I was clearly on the right path in my career.
After being a project manager for a few years at my last employer, they rewarded me by assigning me five existing projects. Giving me a portfolio of projects was a nod that I was doing a good job and that I was bound to do well with the company.
After quickly reviewing each of these projects I found that one of them was in deep trouble. My company wasn’t happy with the project, the client wasn’t happy, the project team had thrown their hands in the air, and the previous project manager warned me that it was a ticking time bomb.
Knowing that it was about to go down the tubes and that I needed to save it, I focused almost exclusively on it. The other projects were doing just fine and I put them on the sideline to run themselves. This one project though required massive attention and action.

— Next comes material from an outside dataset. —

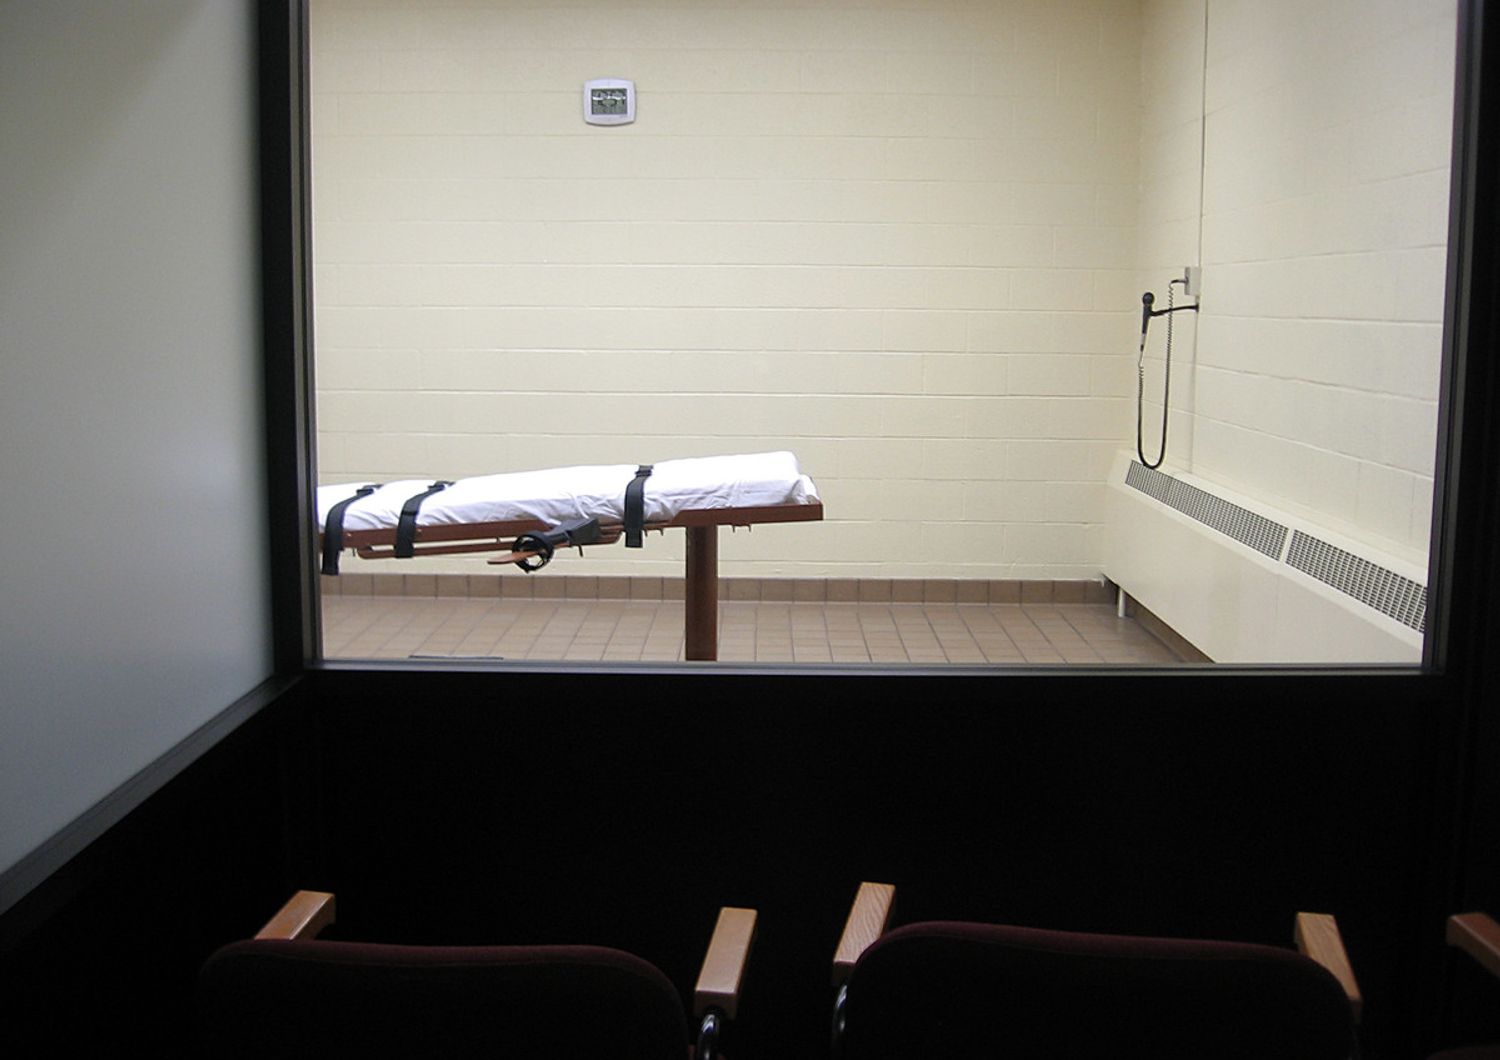 Una camera destinata all'esecuzione capitale in un carcere degli Stati Uniti&nbsp;

After interviewing all the stakeholders I realized that, as always, there were communications issues. In particular, previous expectations had not been met and requirements were vague. That’s where I focused — requirements definition and stakeholder communications.
We began to nail the requirements for future iterations. But the communications…they never got better. The client had had too many promises broken by the time I got on the scene that she just couldn’t overcome it. Add to that, she was combative and our communication styles drastically conflicted. I wasn’t doing a very good connecting with her.

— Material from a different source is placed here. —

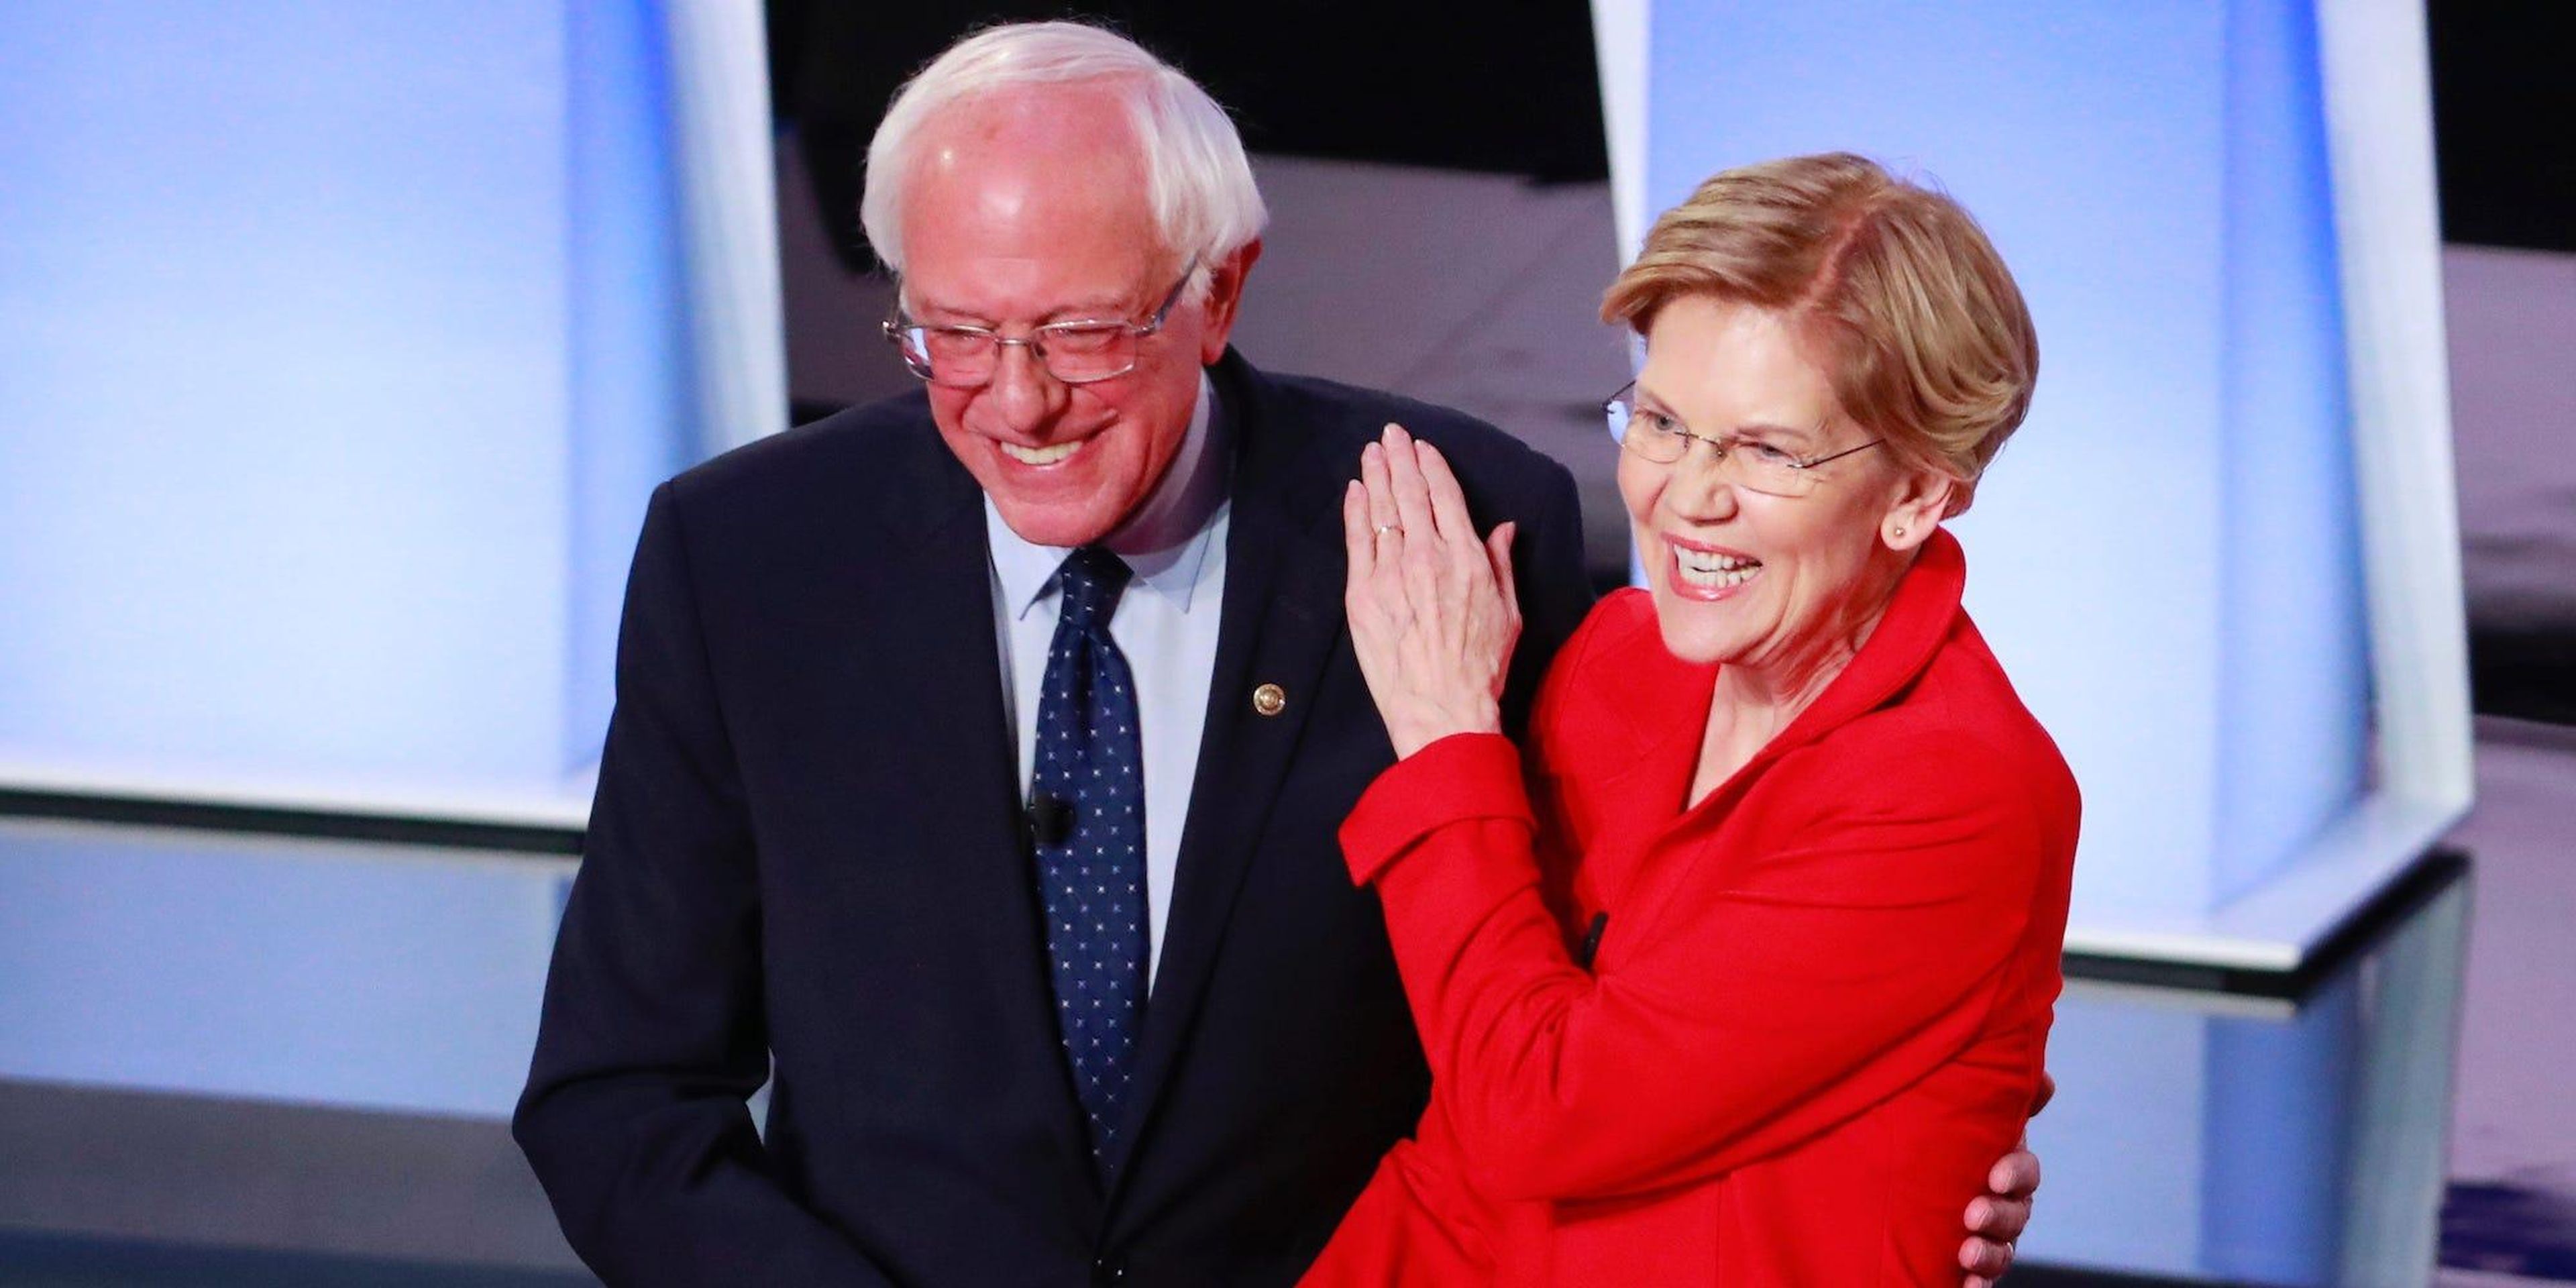 Los senadores demócratas, Bernie Sanders y Elizabeth Warren se dan la mano antes del inicio de la primera noche del segundo debate presidencial demócrata del 2020 en Detroit, Michigan, el 30 de julio de 2019.

I was able to grab the project by the throat as it was being flushed down the toilet. I pulled it back up, for a while, but about six months into the project it snapped back down the drain. One day the client unceremoniously canceled it.
Although I put 95% of my time into this project, it never truly improved and we never could figure out how to fix it. To put it frankly, this project made me miserable, and the results showed.
With that project being cancelled, senior management had second thoughts about letting me keep the other four projects. Those projects were reassigned to another project manager and I was left with the one original project I’d had for the past few years before this portfolio had been assigned to me.
I learned an enormous lesson from this chapter in my career.
Whenever you are overseeing multiple projects, do not instinctively jump on the landmine. As a project manager — as an entrepreneur — it’s drilled into our heads that failure is never an option. Never give up.
But that project, in retrospect, I probably should have let it fail and fail fast. It was doomed and everyone knew it. I was just too proud to admit it.
If something is outright failing, sometimes it’s best to just let it fail.